Errors with punctuation in node body and titles

By jochenh on 9 Jan 2007 at 18:38 UTC

HI,

I am not quite sure how to explain this one but somehow the body text and in some cases the titles of my postings are seeing some strange punctuation. I believe this might have started to happen after upgrading from 4.69 to 4.74 but I am not 100% sure. Basically a title that used to be INDEX: LifeStraw - cleans dirty water anywhere is now suddenly INDEX: LifeStraw‚Ñ¢ cleans dirty water anywhere.

I checked out the database tables and the encoding for the node_revisions table is the same for both 4.69 and 4.74 so I really have no clue how this changed...

If anybody has any advice on what could be causing this I would appreciate it

thanks
- jochen

Comments

I believe this might have

cog.rusty commented 9 January 2007 at 19:53

I believe this might have started to happen after upgrading from 4.69 to 4.74 but I am not 100% sure.

Did you do this update recently? Did you run /update.php after replacing the files?
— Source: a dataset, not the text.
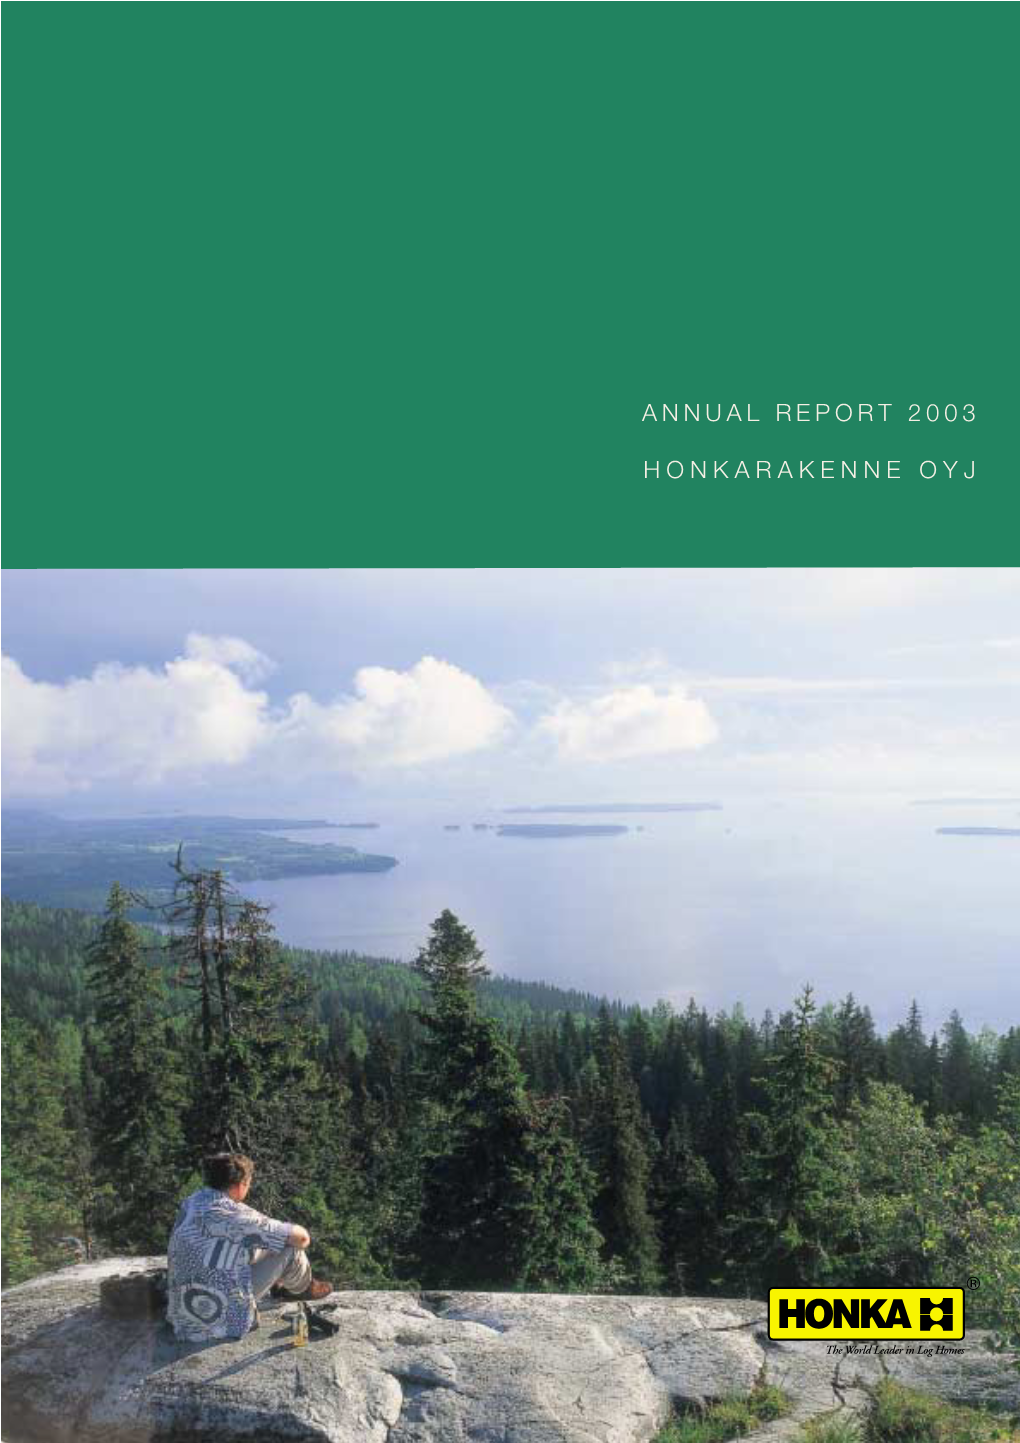 Annual Report 2003 Honkarakenne

I checked out the database tables and the encoding for the node_revisions table is the same for both 4.69 and 4.74

What encoding is that and what is the collation?

Also,
- Did your MySQL version change lately (form 4.0 or earlier to 4.1 or newer)?
- Did you do any backup/restore lately?

I am having the same problem

dkruglyak commented 9 January 2007 at 22:39

I am having the same problem - on my upgrade test runs.
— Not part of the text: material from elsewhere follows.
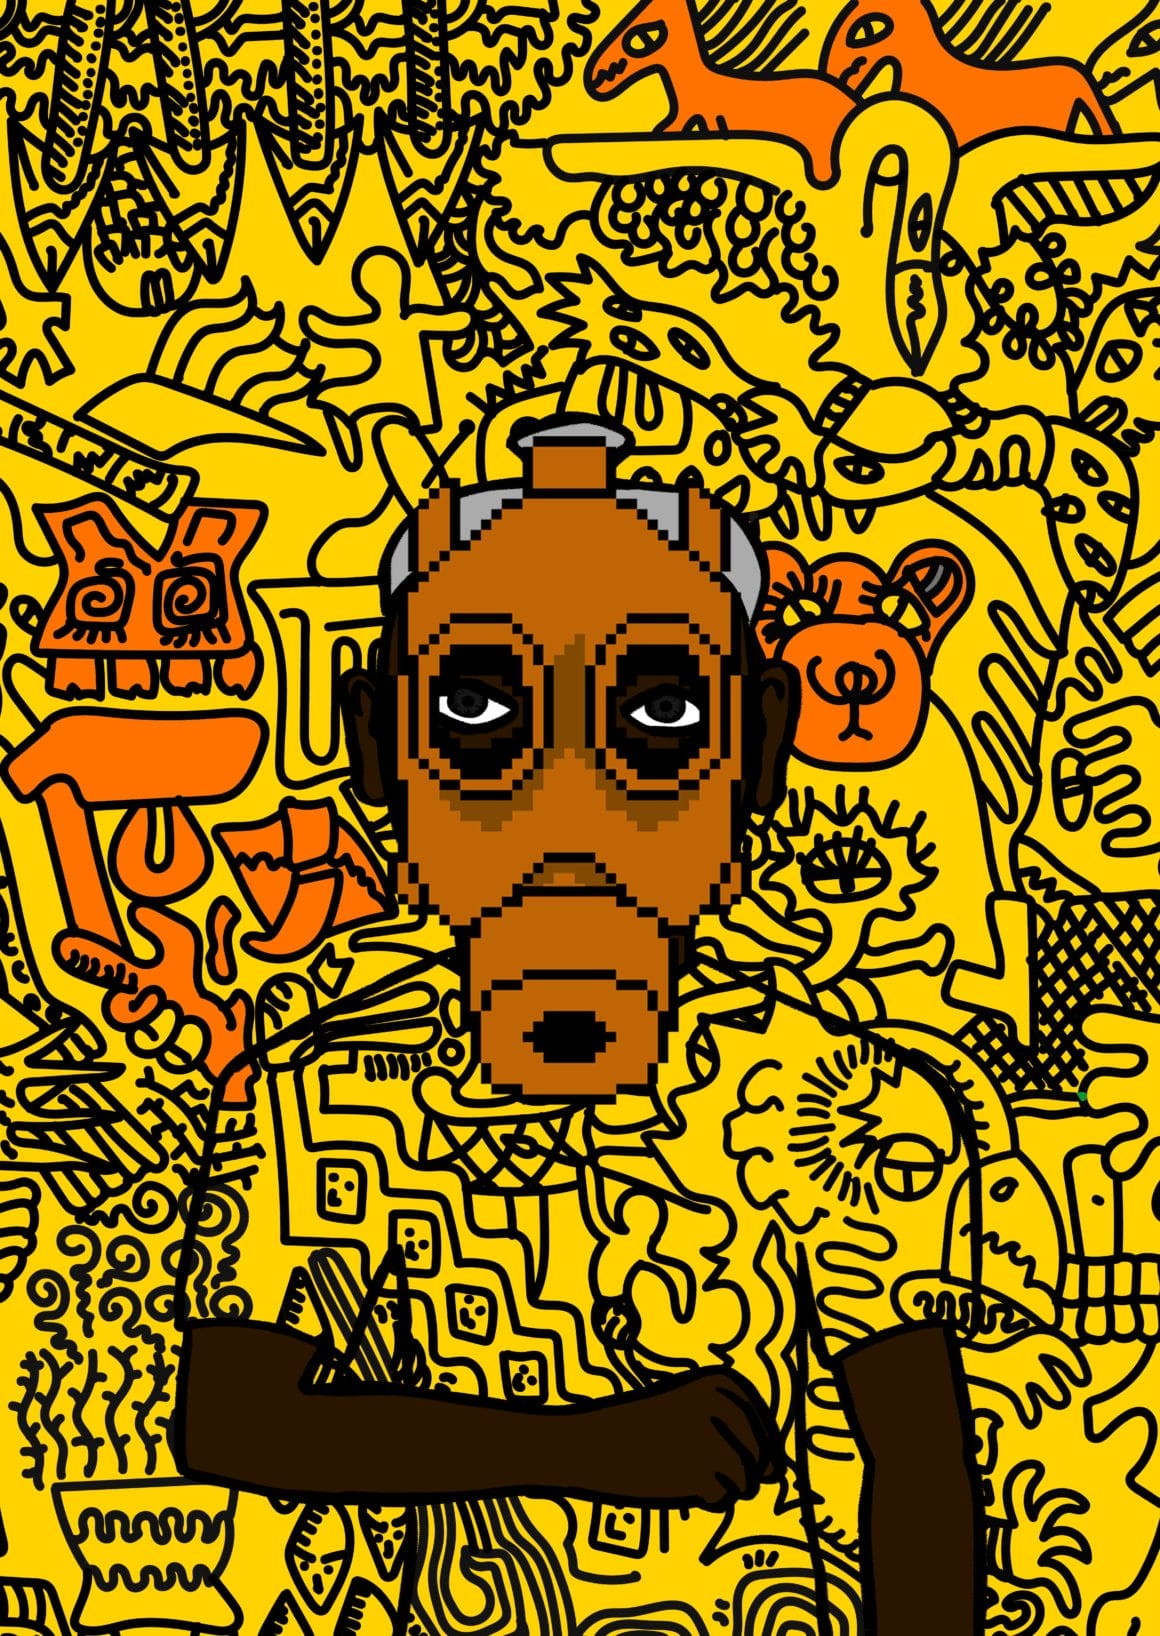 Le tee shirt du personnage et le fond ont les mêmes motifs noirs sur jaune. Le personnage porte un masque orange.

No change in MySQL version (4.1 before and after), but yes I did backup / restore. Backed up original DB, created a test DB using restore and got this problem after running update on it.

Any suggestions ???

These appear to be Unicode

cog.rusty commented 9 January 2007 at 23:33

These appear to be Unicode multi-byte characters displayed as multiple non-Unicode single-byte characters. It could happen (for example)
- when editing your database dump with a text editor not capable of Unicode
- when moving data between databases with different default character set/collation settings
- when using different character set/collation settings for dumping and for loading the backup

If it not the first case above, check your database tables to see whether the character set is utf8 and the collation is utf8_general_ci.

Very strange...

dkruglyak commented 10 January 2007 at 07:15

Looked at my 4.6.9 database, the encoding was latin1 / latin1_swedish_ci (how did THAT happen?). When I run SELECT * FROM node I do see node titles encoded strangely.

Once conversion to 4.7.3 is complete encoding is utf8 / utf8_general_ci as you say is needed. Data looks the same on SELECT. I used backup / restore through webmin before running update.

Interestingly after changing collation on my 4.7.3 tables (using MySQL Admin) there are no changes to how Drupal displays data. I changed node and node_revision table (back to latin1) and still have weird chars in "Recent blog posts" block. Questions:

1) How should I change the backup procedure on final conversion ?

2) Can I do anything to fix my test conversion / upgrade DB?

Stranger still...

dkruglyak commented 10 January 2007 at 08:50

OK, I tried another conversion using mysqldump, as suggested here: http://drupal.org/node/108052

mysqldump --user myusername --password=mypassword opt nameofmydatabase > sql.dump
mysql -u myusername nameofmydatabase -p < path/to/database/dump

The problem is the same. Looks like the update.php converts latin1 into utf8 without fixing the special characters. Can I fix (convert?) the encoding before running update.php script?

Do I have UTF-8 text stored in latin1 tables?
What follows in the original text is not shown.